Independent grounding for high-risk clicks (#181)

The executor brain (Holo3) sometimes clicks visually salient but wrong targets — most often a listing photo instead of the adjacent title text. Same-model grounding inherits the same visual bias and the grounding cache introduced for #117 can pin a stale wrong coordinate across pages.

This page documents the policy that decides when a click step bypasses the cache and forces a fresh independent grounding call.

When to enable

Turn on for layouts where the executor's photo-vs-text bias has cost extractions: listing card grids, contact buttons next to avatars, links adjacent to large hero images, destructive controls, pagination.

Don't turn it on globally — every high-risk click trades the cache hit (~$0.005 + ~5–10s latency saved) for a fresh Claude call. Use it where the failure mode actually shows up.

Two opt-in surfaces

1. Per-step hint (one step)

{
  "intent": "Click the title under the first listing photo",
  "type": "click",
  "section": "extraction",
  "hints": {
    "layout": "listings",
    "independent_grounding": true     // ← forces a fresh grounding call
  }
}

Use when one step in an otherwise routine plan is high-risk (e.g. a single contact reveal).

2. SiteConfig flag (whole layouts)

SiteConfig(
    domain="hn.example.com",
    require_independent_grounding=("listings", "extraction", "click"),
)

Each entry is matched against the click step's hints["layout"], section, or type. Any match → force grounding. Use this when an entire site / recipe class needs the protection.

Both surfaces are OR'd; either is sufficient. Default behaviour is unchanged — without either flag, clicks use the cache as before.

How it works

  1. Click handler reads _should_force_independent_grounding(step, site_config).
  2. When True, calls grounding.ground(..., force_compute=True).
  3. ClaudeGrounding / LLMGrounding skip the cache lookup and run a fresh remote call.
  4. Brain coordinates, grounded coordinates, confidence, and the accept/reject verdict are logged on the runner.

Metrics

Two new Prometheus handles ship with this policy. Combine with the cache hit/miss counters from #117 to dashboard the full grounding flow:

# Grounding call rate, split by force vs not
sum by (force_compute) (rate(mantis_grounding_call_total[5m]))

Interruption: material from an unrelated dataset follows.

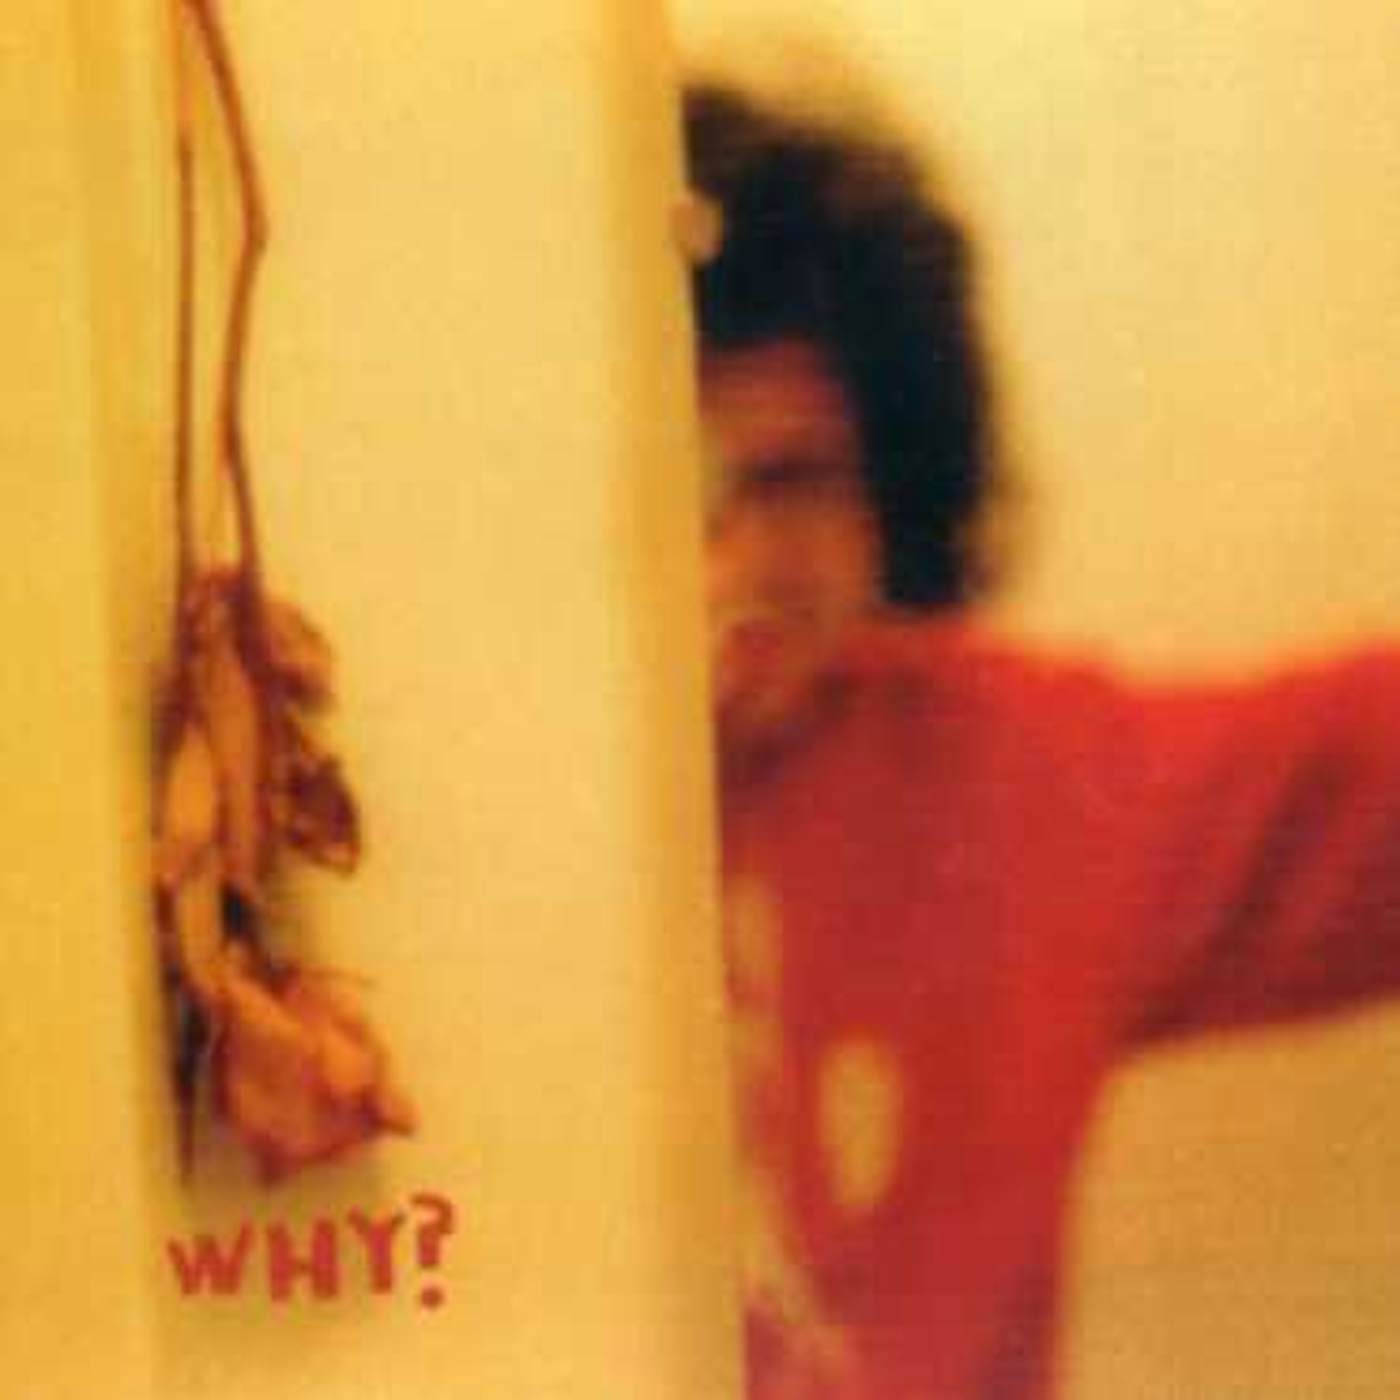 Why EARLY WHITNEY CD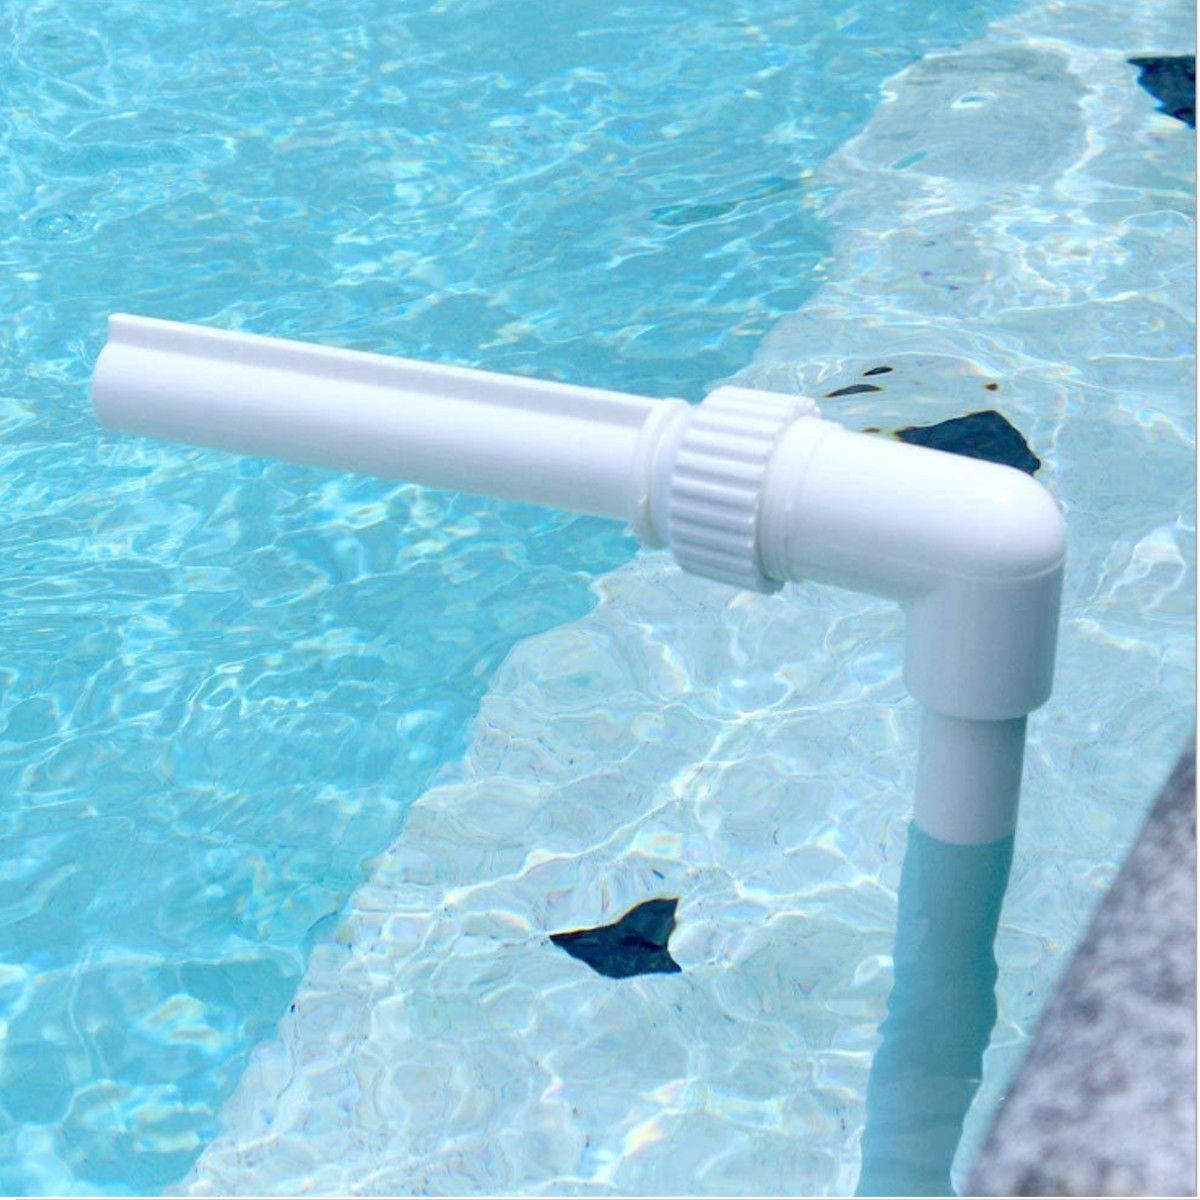 Adjustable-Swimming-Pool-Waterfall-Fountain-Summer-Water-Spay-Pool-Spa-Decor-1698810

# Acceptance rate among forced calls (high-risk clicks)
sum(rate(mantis_grounding_call_total{outcome="accepted",force_compute="true"}[15m]))
  / sum(rate(mantis_grounding_call_total{force_compute="true"}[15m]))

# p95 correction distance, force vs cached
histogram_quantile(0.95,
  sum by (force_compute, le) (
    rate(mantis_grounding_correction_distance_pixels_bucket[10m])
  )
)

A growing correction_distance p95 is the signal that brain coordinates are drifting from grounded coordinates — usually a sign of a regressing checkpoint or a UI redesign on the target site.

Relation to #117

117 shipped the GroundingCache (process-level shared cache, per-tenant

metrics). #181 layers a bypass switch on top: cache stays hot for routine clicks; high-risk paths force a fresh call. The two policies work together — the cache amortises cost for the safe case, the bypass catches the visually-biased case.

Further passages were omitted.